Andre Goy, MD, MS
Editor-in-Chief of Oncology & Biotech News
Chairman and Director Chief of Lymphoma Director, Clinical and Translational Cancer Research
John Theurer Cancer Center at Hackensack University Medical Center
“Are you making progress?” is one of the questions you are most frequently being asked as an oncologist—even in social settings. It is obviously beyond the capacity of this editorial to summarize the current status and future of oncology, but I would say in a nutshell that cancer care is undergoing unprecedented changes. Here are three items that really capture where we’re at and where we’re going in oncology:
Thanks to a better understanding of cancer cell biology, as well as the human genome itself, we are starting to appreciate with derived high throughput technologies the daunting diversity of cancer at the molecular level (ie, cancer cells looking identical under the microscope but actually being “wired very differently,” and hence, behaving differently).
It is estimated that we have about 5500 new drugs in the medical pipeline—two-thirds are in the oncology space—and most of them are considered small molecules or biologicals. The kinase inhibitors story in chronic myeloid leukemia (targeting BCR-ABL to treat the disease) is one of the best examples, but now there are also emerging small molecules targeting the B-cell receptor with response rates in excess of 80% in patients with relapsed/refractory B-cell malignancies— even in poor-risk patients who are refractory to chemotherapy.
Finally, there have been tremendous advances with cell therapy, particularly in two areas: a) restoring the immune system in cancer patients by unlocking/unleashing the immune system by releasing negative checkpoints, ie, the PD-1 story (with impressive data in melanoma and lung cancer, for example) and b) CAR-modified T cells, which likely represent the most striking story in oncology in 2013, with durable remission in refractory CD19-positive lymphoma and leukemia.

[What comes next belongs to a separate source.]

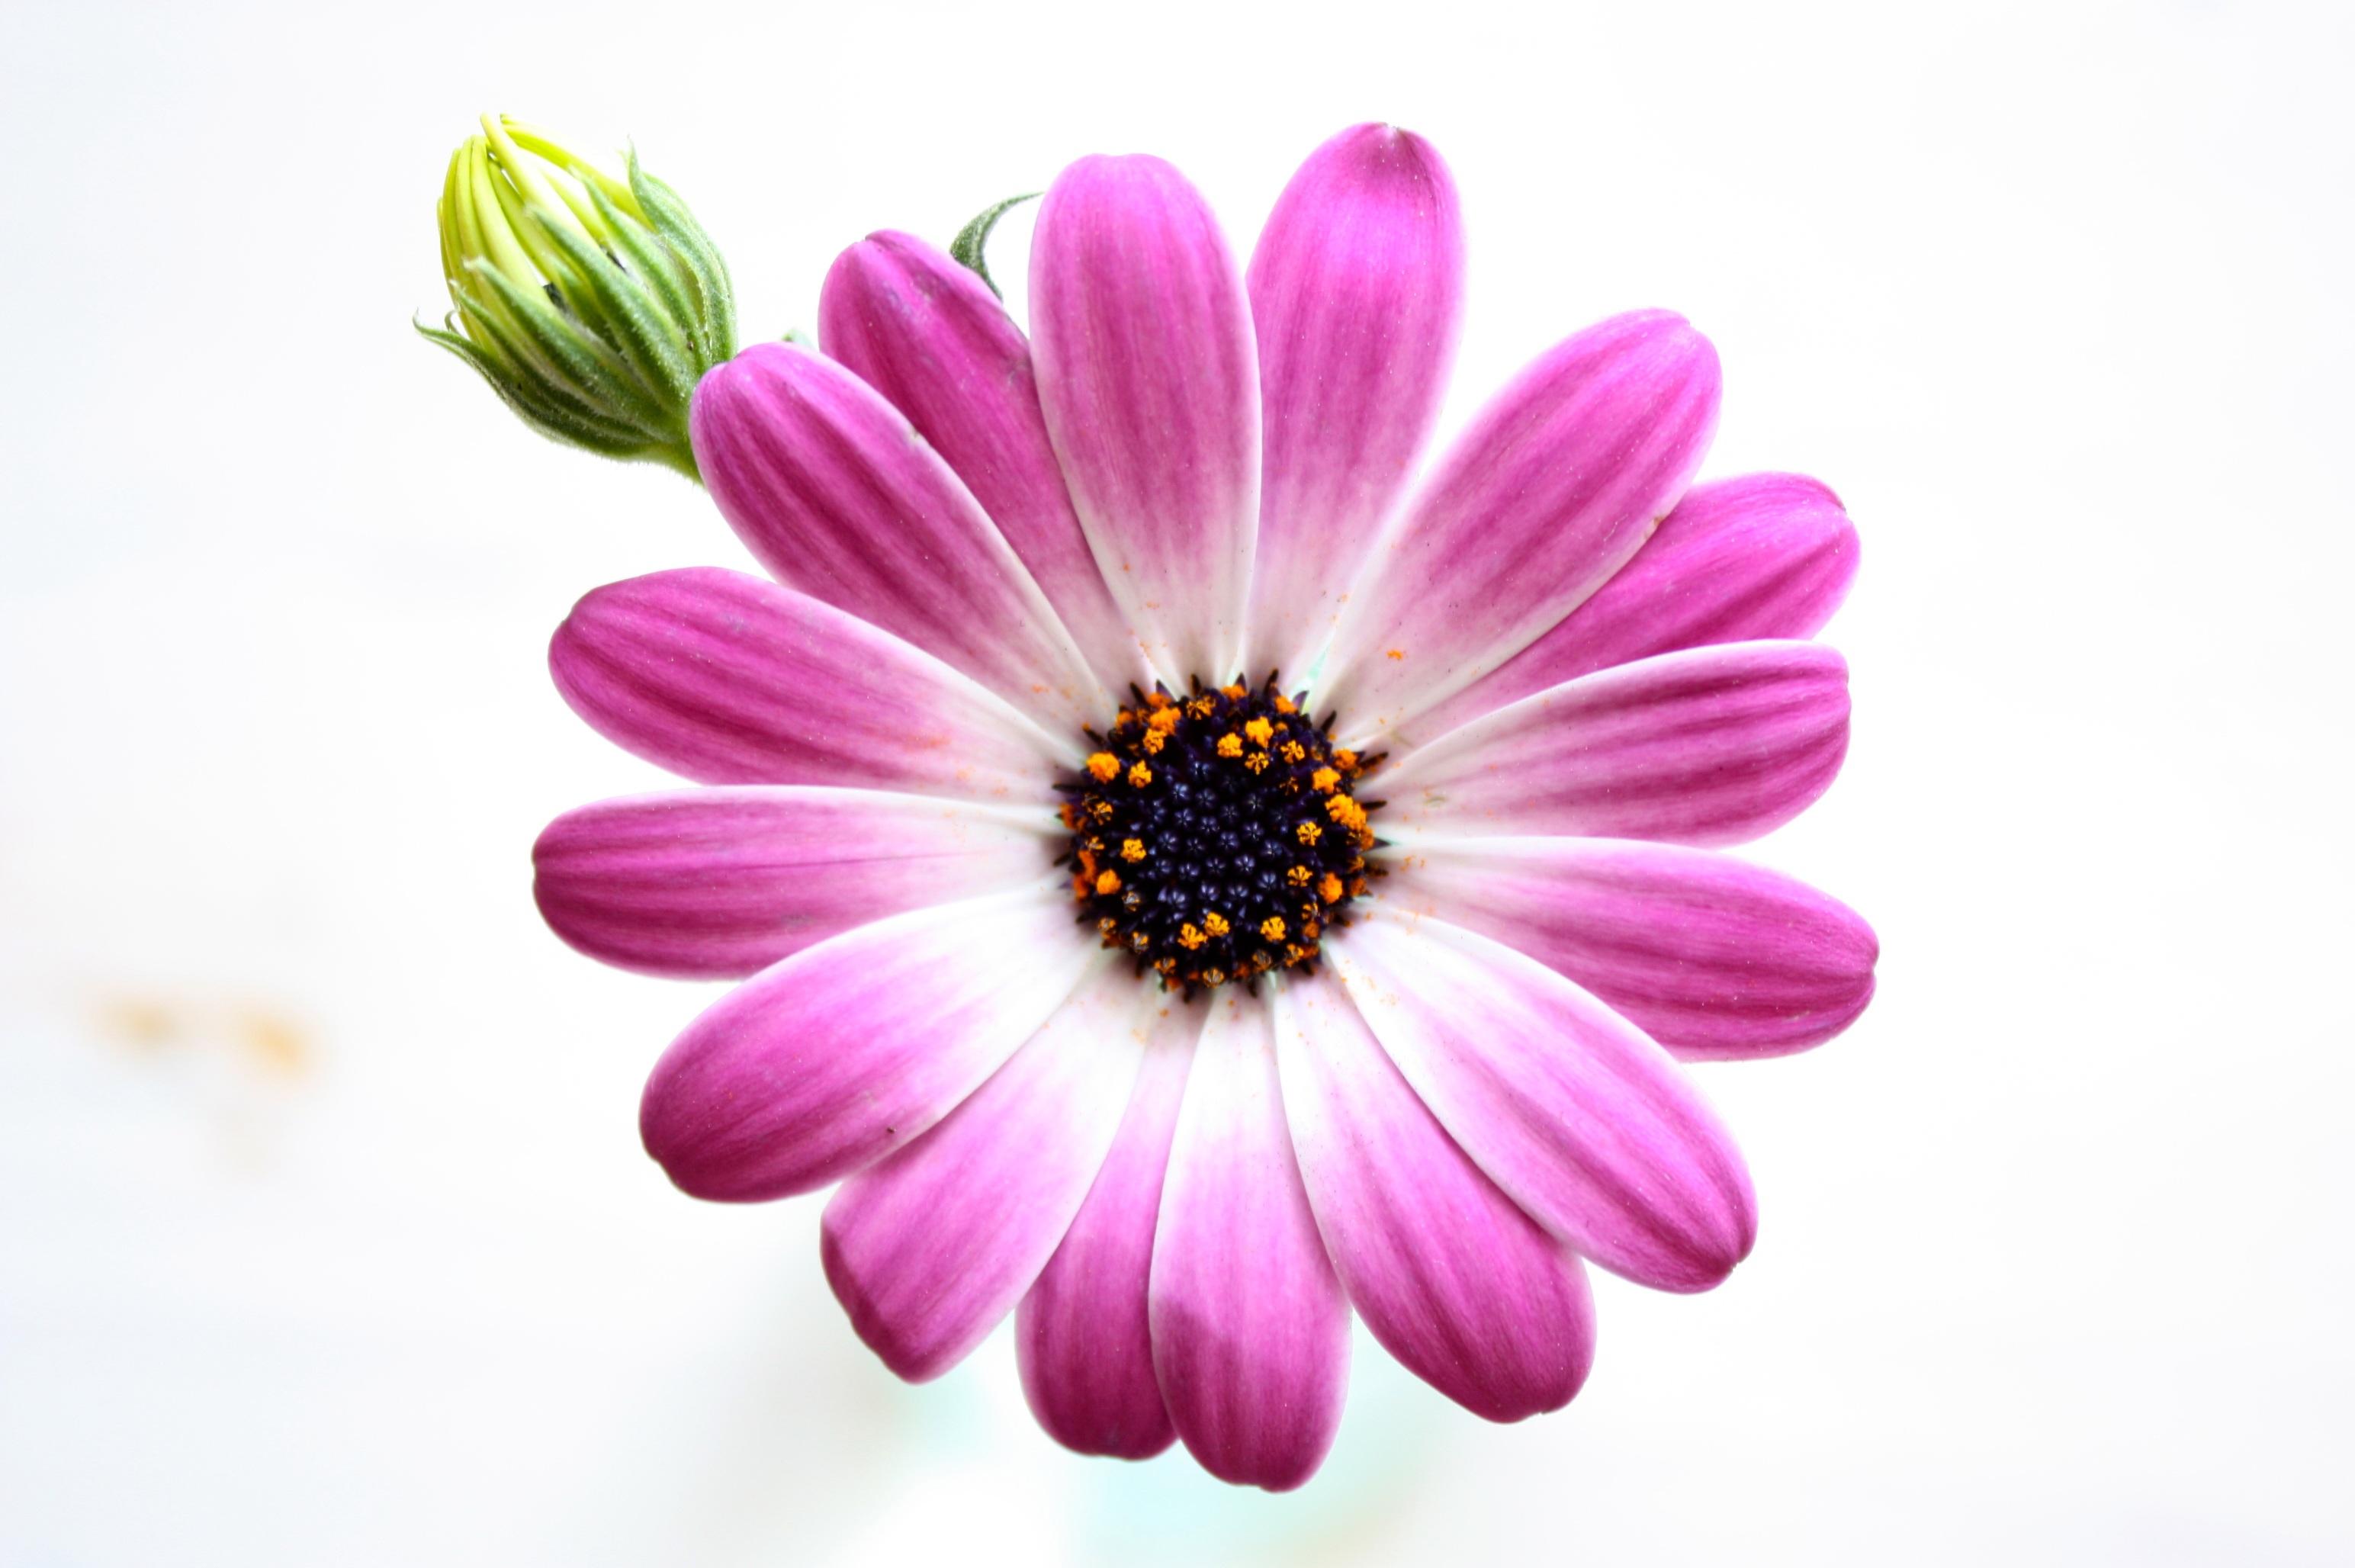 Free Images Nature Blossom Sun Flower Purple Petal Bloom

Though the progress is coming—thankfully—from many directions, the pieces actually fall right into place together and will reshape the way we manage cancer. We will be able to stratify patients based on genomic data, ie, identify patients who will do well with standard therapies (regardless of their poor clinical prognostic factors at presentation), while offering new combinations to others. The primary goal will be to develop combinations of several small molecules or biologics (ie, multitargeting), then to shy away from cytotoxic therapies in the future. The ability to tailor the treatment of a given patient is by nature the launching of precision medicine, and it’s already palpable. Building on this strategy, I believe we will add targeted or interventional immunotherapy, either with antibodies to unleash the immune system or cell therapy through CAR-modified T cells to prevent recurrence. Though we are not there yet, we definitely will be in the future.
Following my January editorial on the Affordable Care Act, I received comments from a reader pointing out that we need a better evaluation of the actual benefit and costs of the current “incremental improvements” model in clinical trials and drug development. Currently trials frequently expose a whole population for a small benefit that might only be significant for only a fraction of patients. In this era of questioning/rationing care, it is important to embrace the future and its potential, as well as address the cost and benefit issue.
Along this line, the future of cancer care will definitely involve a bundled model—as long as we preserve outcome and quality. At Regional Cancer Care Associates (regionalcancercare.org), we have started this process through our outcome database (COTA), which captures patients’ clinical and molecular characteristics, as well as cost and outcome data. As part of COTA, we are also integrating research based on patients’ best stratification (eg, trials with a molecular rationale). This should help—as the same reader suggested following my last editorial— “identify the 3%-5% (or 10%-15%) of patients who are highly likely to benefit” and target the new treatment approach to that subset. Most drugs could then become “niche” drugs (maybe even across several organs), which could speed up the drug development process and hopefully, at some point, reduce cost. Prospective outcome databases such as COTA will also allow us to weigh/confirm a clinical benefit based on historical comparison of cases with similar characteristics.